Or, en l'espèce, le contrat d'assurance a pour objet exclusif d'assurer la couverture des dommages purement matériels causés au véhicule automobile, et les dispositions précitées ne sont donc pas applicables.

L'article 12 des conditions générales du contrat de location édicte une série d'exclusions de garantie qui s'applique « aux dommages causés en l'absence de tiers identifié, ou à la suite d'une faute inexcusable ou encore d'une négligence caractérisée ».

Les clauses d'exclusion de garanties figurant dans un contrat d'assurance doivent être interprétées de manière stricte, notamment lorsqu'il a été conclu entre un professionnel et un non professionnel, ce qui est le cas en l'espèce.

La clause invoquée par la société France Cars ne peut s'appliquer à l'accident en cause, puisque sa formulation implique nécessairement la participation d'un tiers autre que le locataire du véhicule dans la réalisation du dommage, et en outre, elle ne permet pas d'affirmer qu'elle est susceptible de viser la participation du locataire lui-même en tant que chauffeur du véhicule.

En effet, la clause d'exclusion de garantie visant la faute commise par l'assuré est expressément stipulée à l'article 12 du contrat à la suite de celles relative à la participation d'un tiers.

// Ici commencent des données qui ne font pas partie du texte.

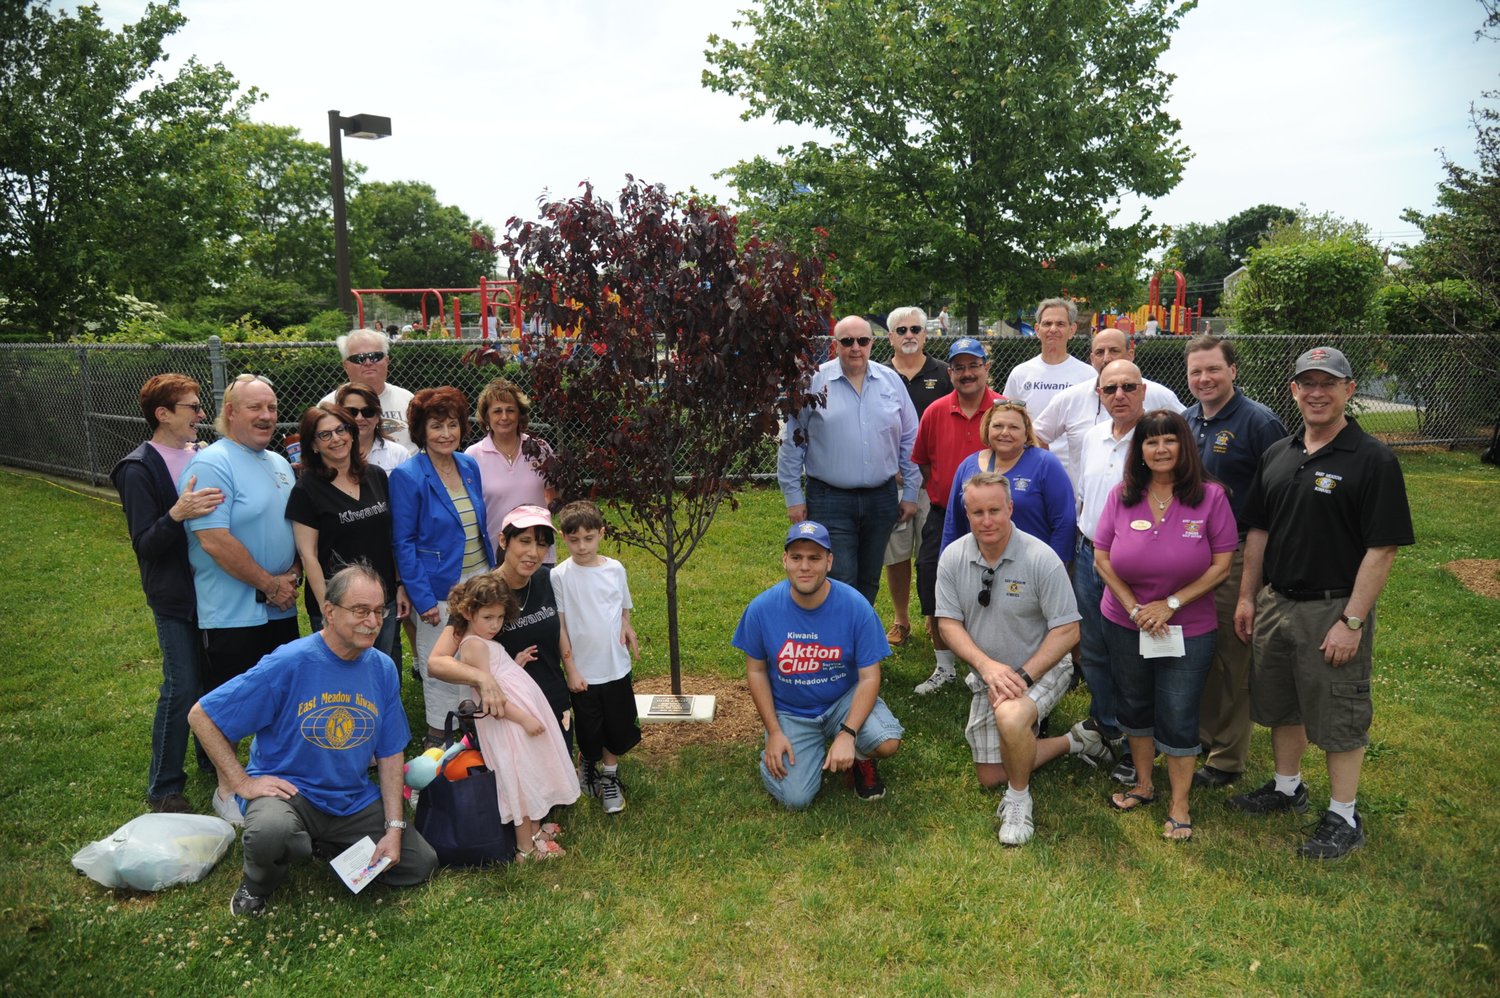 East Meadow Kiwanis has hosted tree dedication ceremonies before, but at this year’s East Meadow Community Pride Day, trees are also dedicated to neighbors who died from complications related to Covid-19.

Le locataire était donc légitimement en droit de croire que cette clause d'exclusion visait des dommages causés par une personne autre que lui-même, et dont l'identité n'aurait pas pu être établie, par exemple dans le cas d'un délit de fuite, d'autant que la clause d'exclusion de garantie relative à la faute de l'assuré n'a été invoquée à aucun moment par la SAS France Cars.

Or, il est constant et non contesté que l'accident n'a mis en cause aucun tiers puisque c'est le conducteur qui, en voulant régler le chauffage, a commis une manœuvre malencontreuse qui a été à l'origine de la perte de la maîtrise du véhicule.

La SAS France Cars ne peut donc opposer cette exception de non-garantie, et il convient dès lors de confirmer le jugement en ce qu'il l'a déboutée de sa demande en paiement d'une indemnité correspondant à la valeur vénale du véhicule accidenté.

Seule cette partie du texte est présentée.